Instruction text length limit: Up to 100 characters. Chinese characters (including Simplified/Traditional Chinese, Japanese Kanji, and Korean Hanja) count as 2 characters each. Other characters (punctuation, letters, numbers, Japanese Kana, Korean Hangul, etc.) count as 1 character each.

Qwen-TTS

Supported models: Qwen3-TTS-Instruct-Flash family

Usage: Pass the instruction text in the instructions parameter.

Supported instruction languages: Chinese and English.

Maximum instruction length: 1,600 tokens.

Use cases:

  • Audiobook and radio drama voiceover

  • Advertising and promotional voiceover

  • Game character and animation voiceover

  • Emotionally expressive voice assistants

  • Documentary narration and news broadcasting

Tips for writing high-quality voice descriptions:

  • Core principles:

    1. Be specific, not vague: Use words that describe concrete vocal qualities, such as "deep," "crisp," or "slightly fast." Avoid subjective or vague terms like "nice" or "normal."

    2. Be multidimensional, not single-faceted: A good description covers multiple dimensions (gender, age, emotion, etc.). Writing only "female voice" is too broad to produce a distinctive timbre.

    3. Be objective, not subjective: Focus on the physical and perceptual qualities of the voice.

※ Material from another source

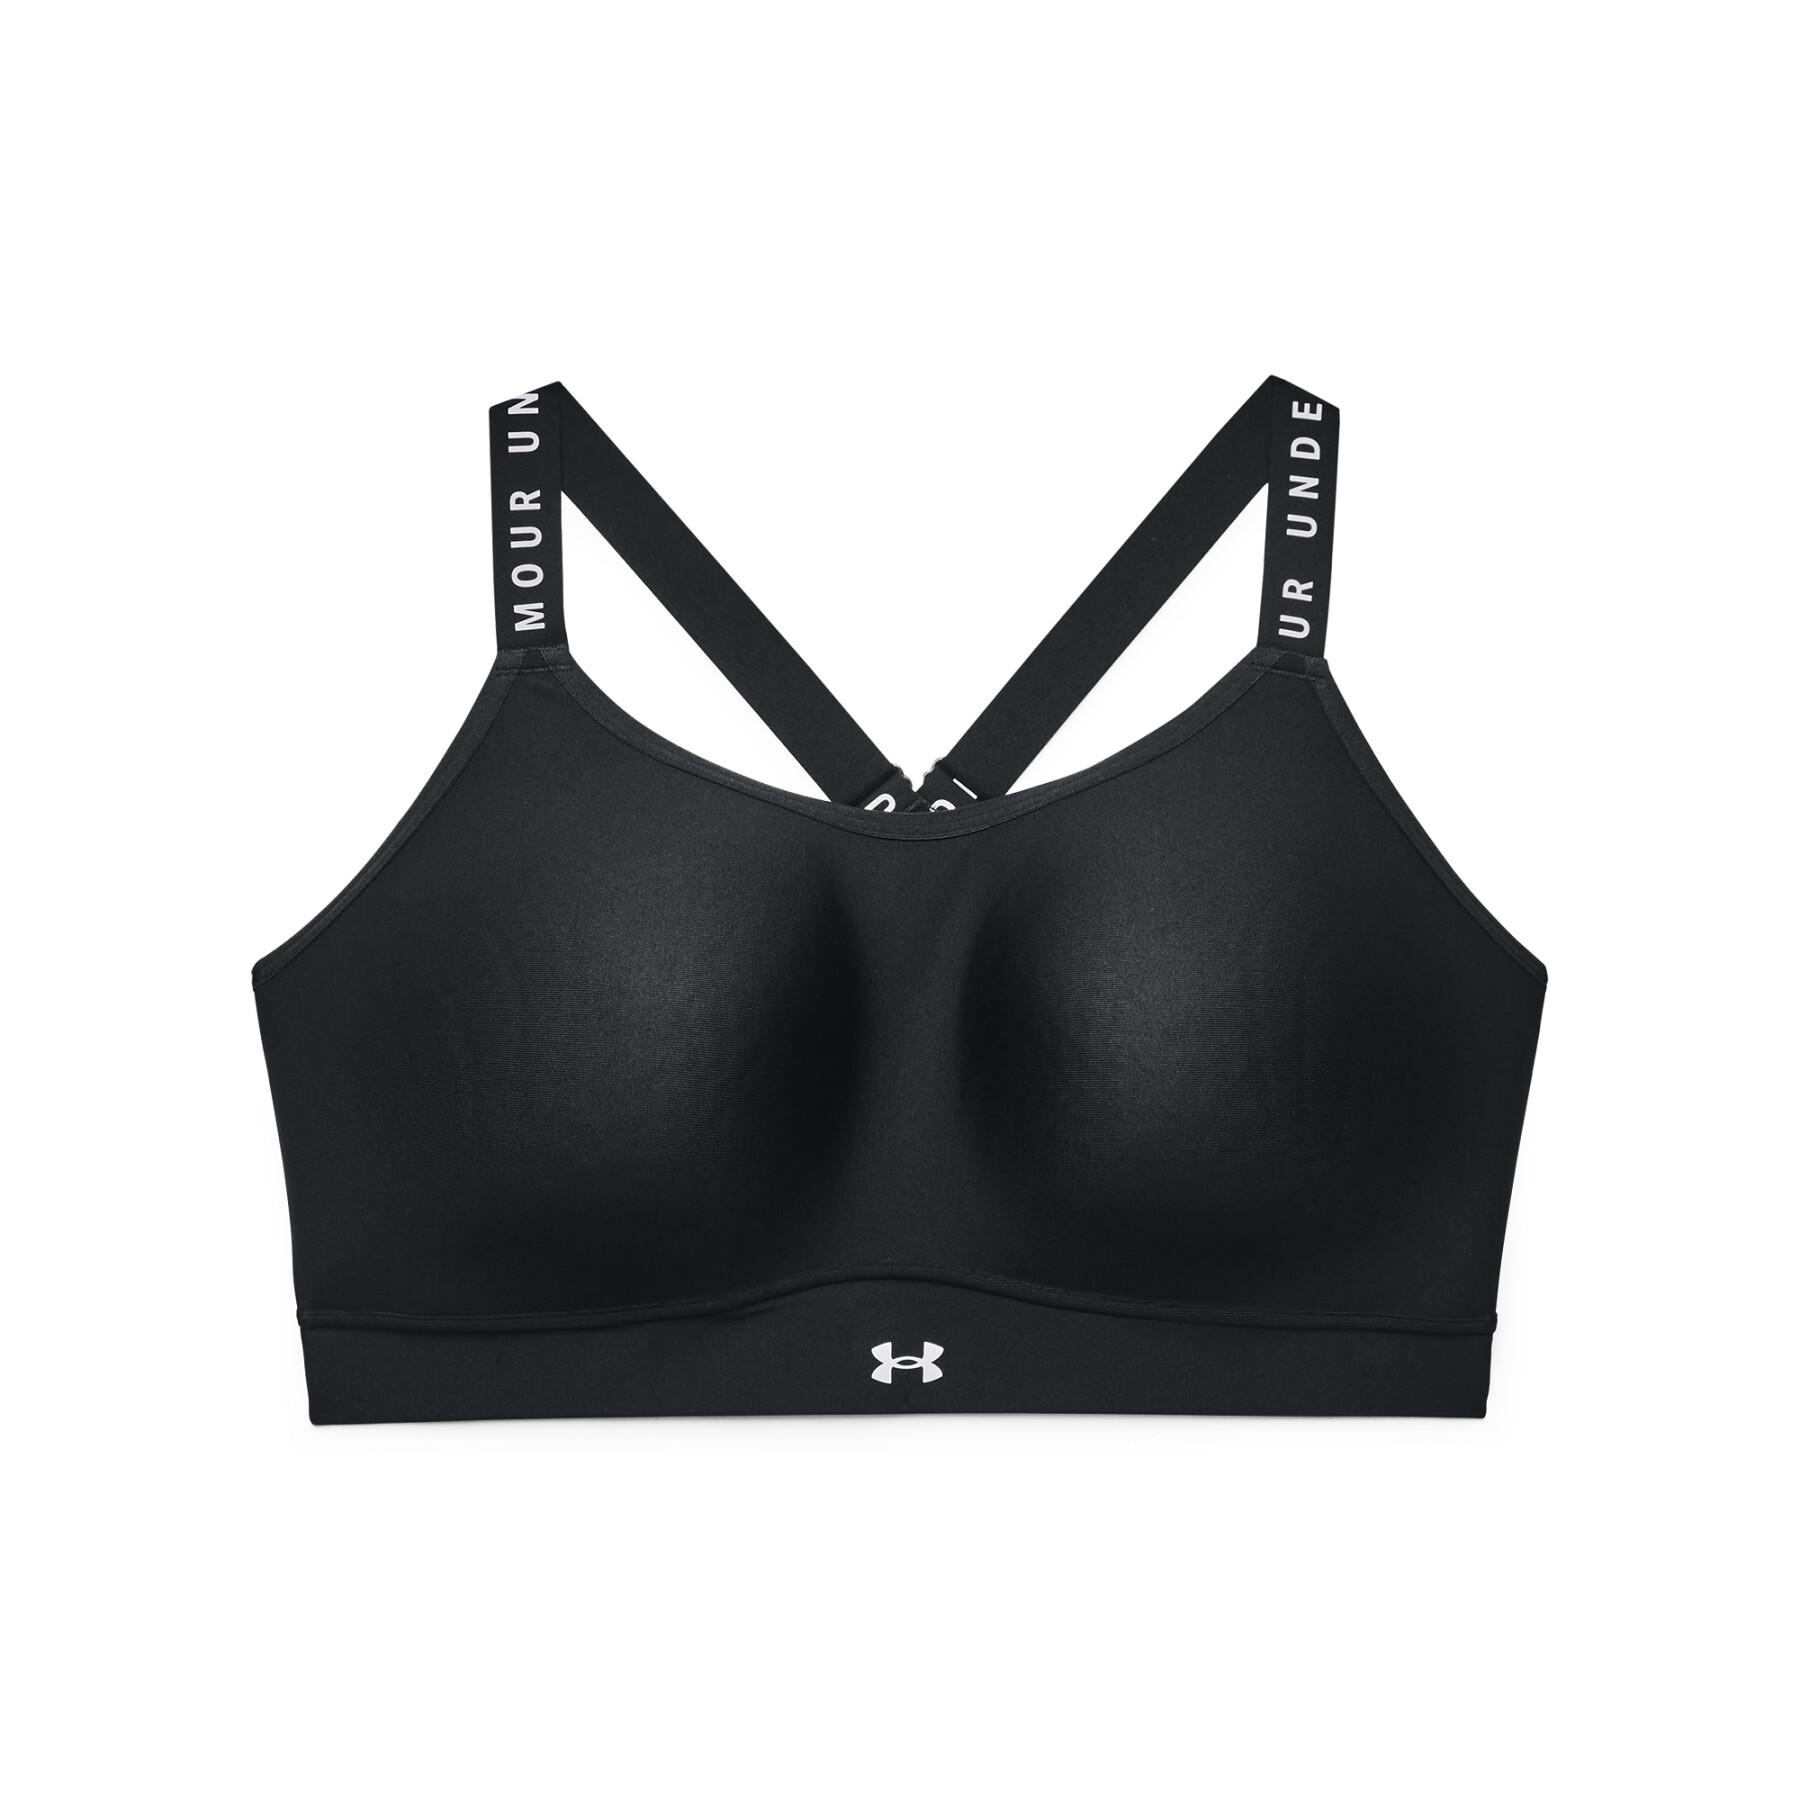 Grote damesbeha Under Armour Infinity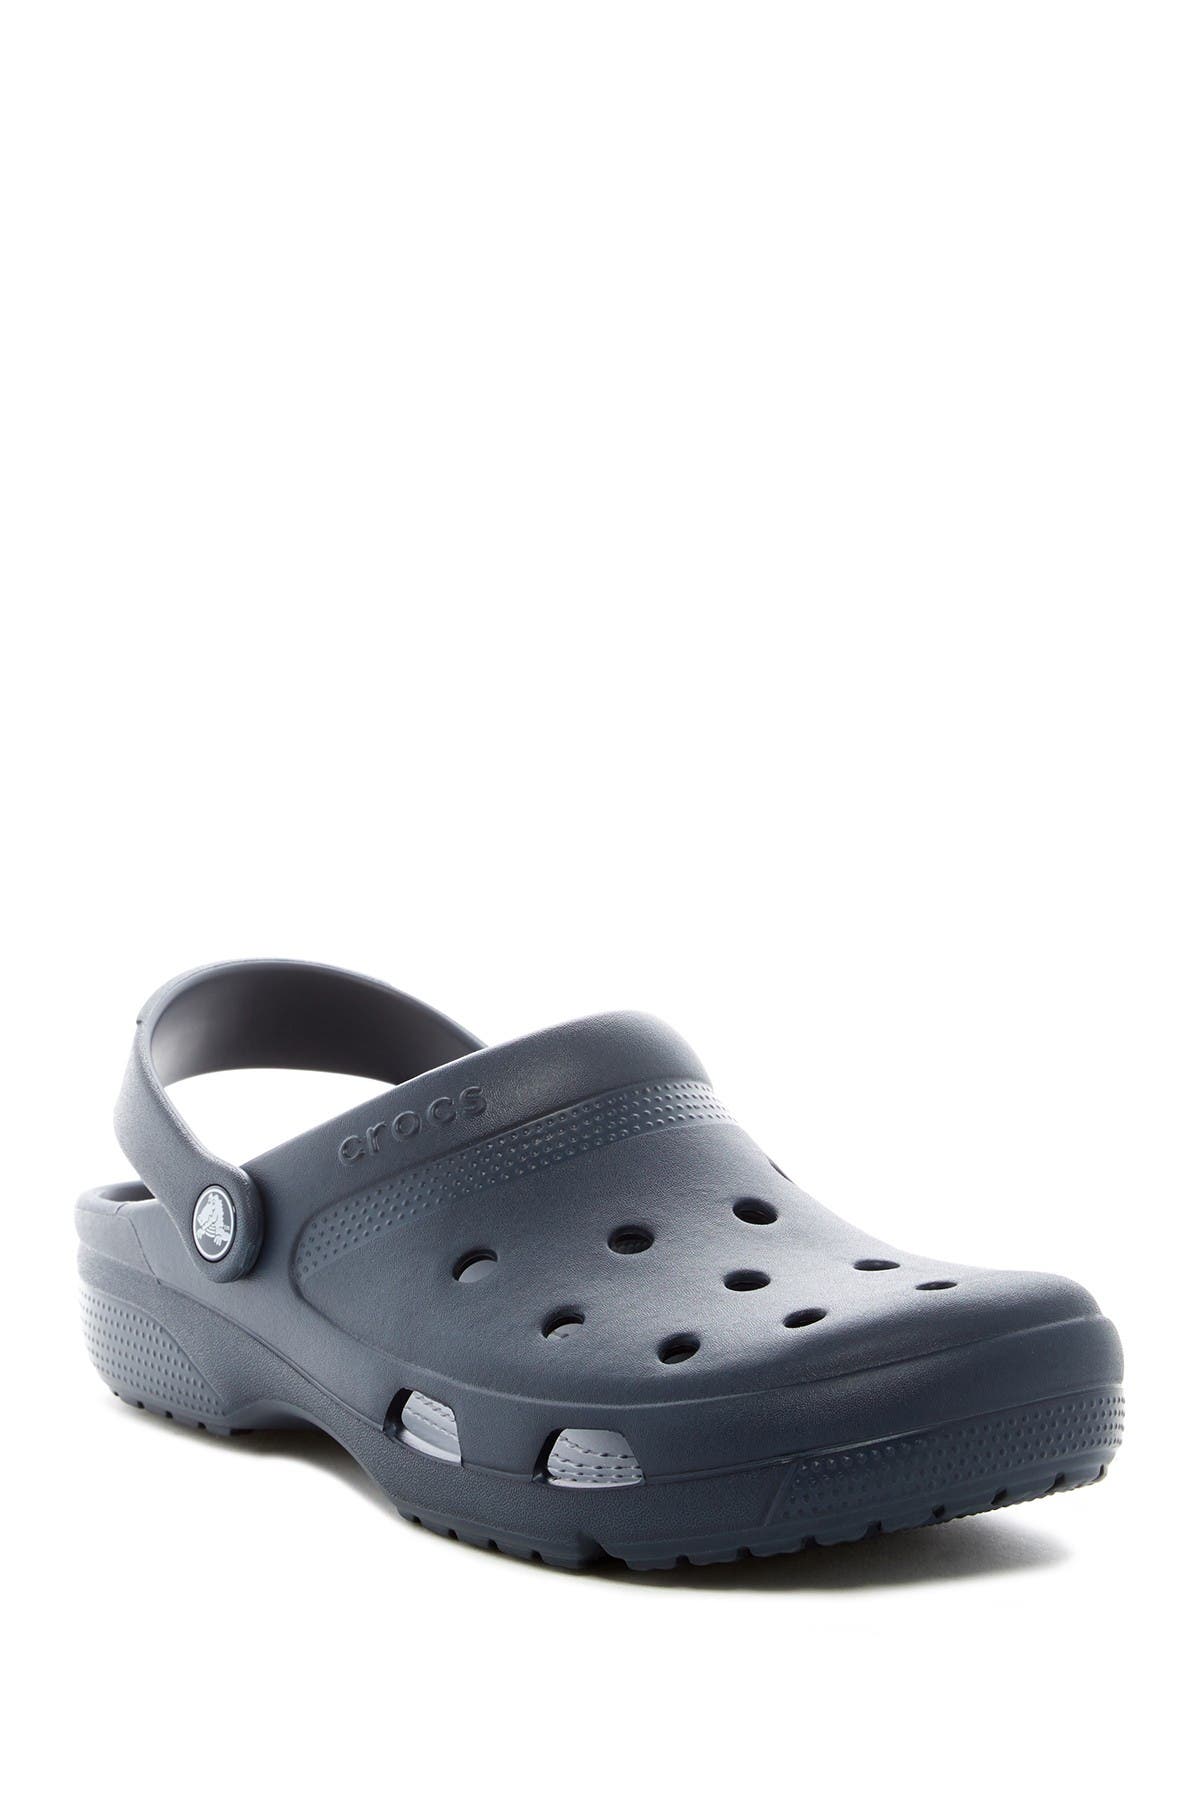 shoes comparable to crocs

For example, use "slightly high pitch with energy" rather than "my favorite voice."

    4. Be original, not imitative: Describe the vocal qualities you want, rather than requesting imitation of specific public figures (such as celebrities or actors). The model doesn't support imitation, and it may involve copyright risks.

    5. Be concise, not redundant: Make every word count. Avoid repeating synonyms or stacking meaningless modifiers.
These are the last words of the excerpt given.